From then until now, I’ve explored a lot of writing endeavors. There’s news writing for the school paper, fan fiction, business writing, feature writing, the works. There was a time a few years back when all I could really write was business emails, and that frustrated me a lot, even if I loved the company I worked for and the people I worked with. In every phase of my life so far, I feel like fiction has always been calling out to me, telling me to simply tell a story. And I think that at the very core of everything I’ve done so far, the reason why I think I could do this is because I know there are stories within me that need to be told. They don’t necessarily reflect my personal history, but they are stories I myself would like to read, stories I would love to experience even if vicariously.

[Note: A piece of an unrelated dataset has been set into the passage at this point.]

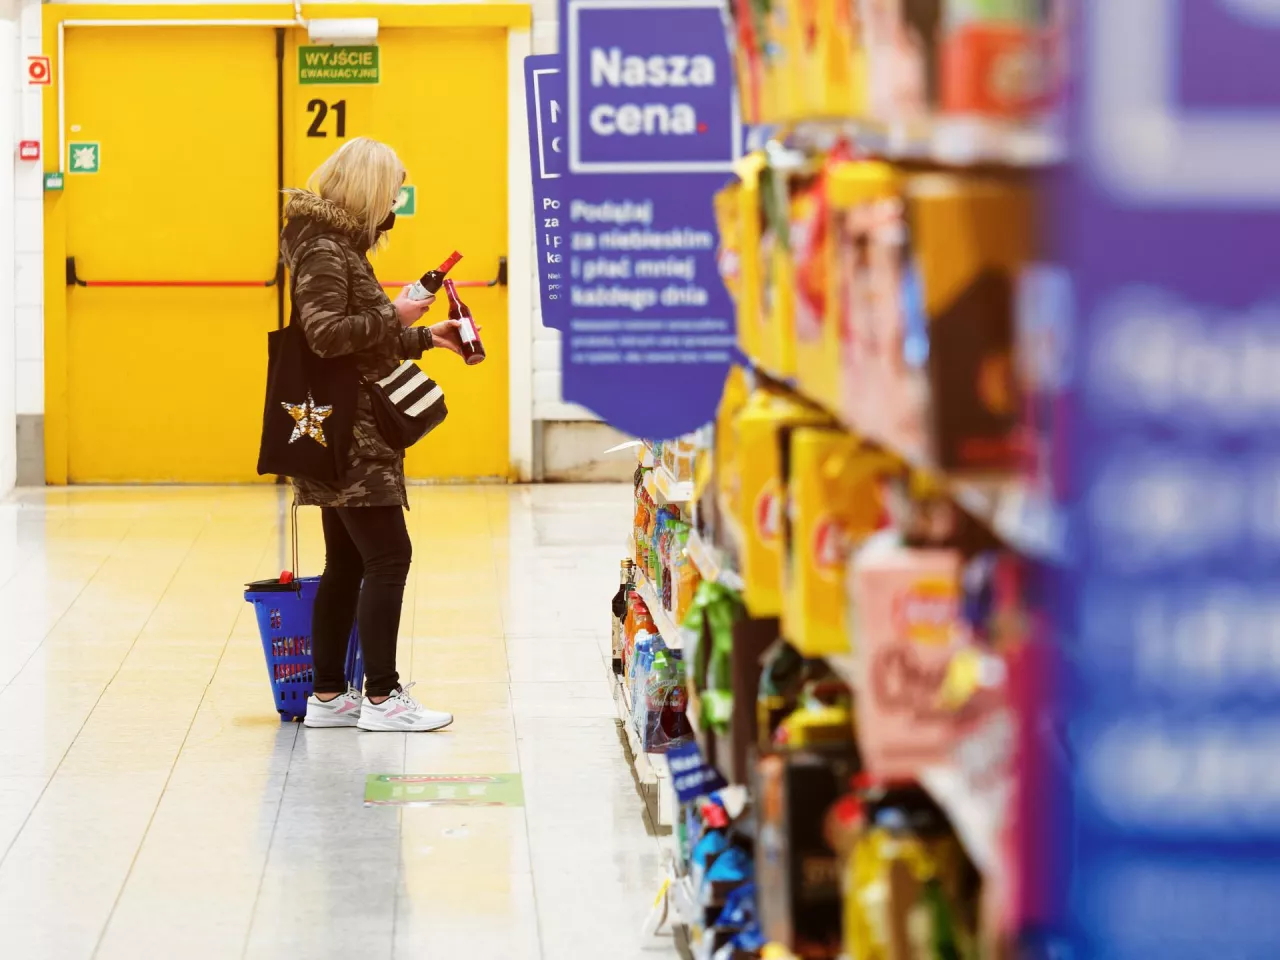 68 proc. polskich konsumentów czuje się bezpiecznie podczas robienia tradycyjnych zakupów (fot. Łukasz Rawa/wiadomoscihandlowe.pl)

And it’s not so much of a want than a need to tell them, because sometimes a story comes to me and it bothers me so much if I don’t sit down and let it all out, whether on paper or an electronic equivalent. Yeap. Plot bunnies are relentless sometimes. They breed and breed and breed in your head until you have no choice but build them an actual home.


Mina listed a few awesome things in her email, dreams she has about the books she’s written and the books she’s yet to write, and it would be an utter lie if I said I don’t wish for any of those too. So here’s my own list of dreams, and I’m sharing them with you because I know you won’t judge:

  1. To reach into someone’s heart. I guess this is as simple as it gets, right? Even if we’re scared of criticism, and even if we’ve already gotten criticized, the simple knowledge that we have touched someone with something we have written is a reward in itself. Throughout the nine or so years that I have been publishing fiction online, I was able to find awesome people who have reached out to me and told me how wonderful it is to have stumbled upon my work. Some of them surprise me by saying, years after a certain piece has been published, that my work has inspired them to write fiction themselves.

    One of the people I’ve met online now works as a copy editor and had edited my first eBook, Paper Planes Back Home. One of them has beta-ed for me since 2010 and is the most awesome critic/spazzer a writer like me could ever wish for. And one of them is now taking the #SparkNA class with me and is helping inspire other writers to just continue sprinting to the finish line. Three people might be a few for many, but they’re worth so much more than that to me.

  2. To get a book printed and sold at local bookstores. This is something I’ve only really started working toward since I turned thirty. (Oh look, I’m not even concealing my age now, am I?) I promised myself I’d have something published by the time I turn thirty-three… and I really really hope I get to fulfill that. Which is why I’m working so hard on a new novella even when work (and the terrible summer weather) is killing my brain cells every passing day.
  3. To have a “senpai noticed me!” moment. It doesn’t really matter if it’s my favorite author (Hi, Mitch Albom!), or one of the face pegs for any of the stories I write… if someday they so much as tweet a link to buy my book on Amazon or anywhere else, I’m going to need an ambulance. I’m mababaw like that.
  4. To see artwork inspired by any of my stories. Because sometimes, my stories are inspired by certain works of art I randomly see on the internet, I think it would be really awesome and totally cool to see someone create an artwork inspired by scenes in my stories. Like if that actually happened, I would probably cry. A lot.
  5. To do collaborative work with my writer friends. And I’ve already declared this on Facebook too, haha! I would love to continue writing something that could eventually turn into a collaborative project between my friends and I because WHY THE HECK NOT. And because that would just be awesome. Who needs clubs if you have friends who’d love to tell stories with you? And oh yeah… I want this collaborative project to grow (exponentially!) so much and so well we would make short films and write soundtracks for it. Yeap. Yeaaaap.

I could go on and on all day with this, but I have to go sleep. (#SparkNA update: My Act 2 is done, YEAAAAAY!) Now I get to celebrate with my pillows for a max of five hours.

And what did I tell you about brevity? JFC.

Okay now, let me dream of any of these happening. Good Thursday morning!